Open FduJyy opened 6 years ago
Which NCCL library did you clone? This is the script we use to install the NCCL that we build against https://github.com/caffe2/caffe2/blob/master/docker/jenkins/common/install_nccl.sh . This should be the library that you need http://developer.download.nvidia.com/compute/machine-learning/repos/ubuntu1604/x86_64/nvidia-machine-learning-repo-ubuntu1404_4.0-2_amd64.deb . If you call that script with UBUNTU_VERSION=16.04 and CUDA_VERSION=9.0 then it should install correctly
@pjh5 Thanks for your help! Now I can run from caffe2.python import workspace
without errors.
Next I tried to use the Detectron platform. However when I finished installing dependencies and ran the SpatialNarrowAsOp test, I met another problem Encountered CUDA error: no kernel image is available for execution on the device Error from operator: input: "A" input: "B" input: "C_grad" output: "A_grad" name: "" type: "SpatialNarrowAsGradient" device_option { device_type: 1 cuda_gpu_id: 0 } is_gradient_op: true
. Wish to know what caused that problem?
(caffe) jyy@jyy-OptiPlex-9020:~/Detectron$ python ./tests/test_spatial_narrow_as_op.py
E0309 14:17:00.375676 3086 init_intrinsics_check.cc:59] CPU feature avx is present on your machine, but the Caffe2 binary is not compiled with it. It means you may not get the full speed of your CPU.

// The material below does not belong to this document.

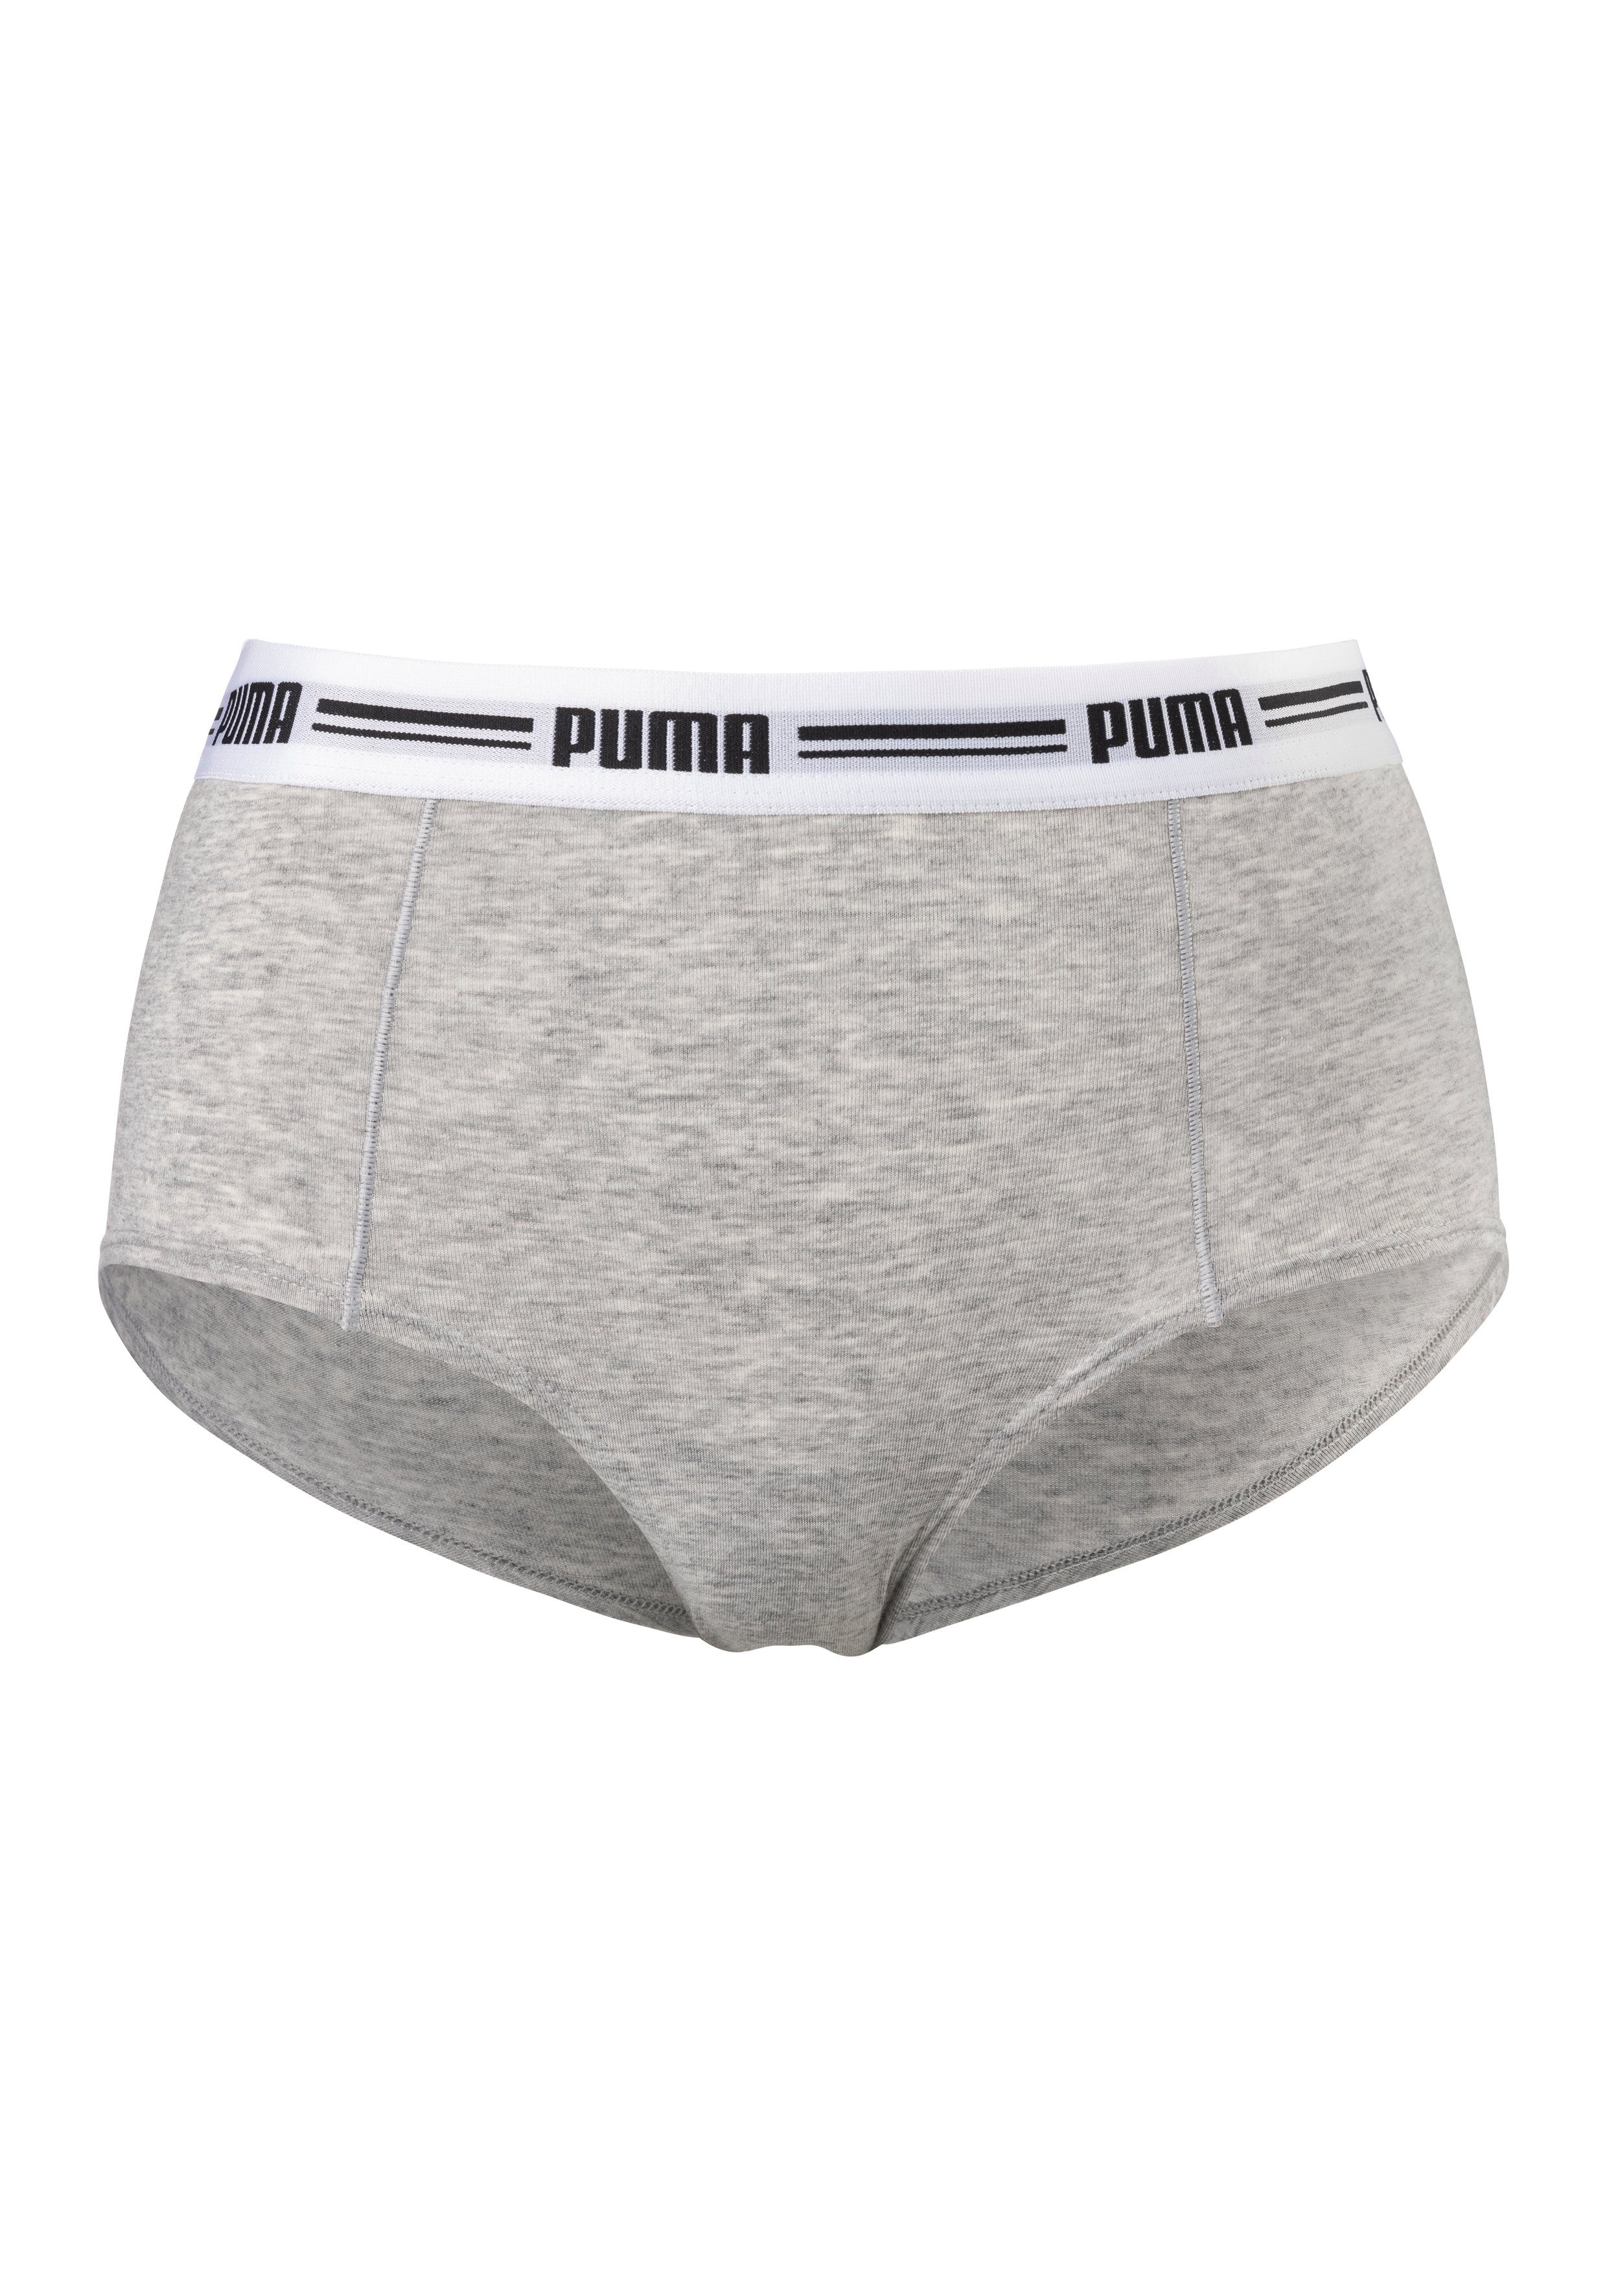 grau-meliert Panty 2-St) Iconic (Packung, PUMA

E0309 14:17:00.375697 3086 init_intrinsics_check.cc:59] CPU feature avx2 is present on your machine, but the Caffe2 binary is not compiled with it. It means you may not get the full speed of your CPU.
E0309 14:17:00.375700 3086 init_intrinsics_check.cc:59] CPU feature fma is present on your machine, but the Caffe2 binary is not compiled with it. It means you may not get the full speed of your CPU.
Found Detectron ops lib: /home/jyy/anaconda3/envs/caffe/lib/libcaffe2_detectron_ops_gpu.so
F.E
======================================================================
ERROR: test_small_forward_and_gradient (__main__.SpatialNarrowAsOpTest)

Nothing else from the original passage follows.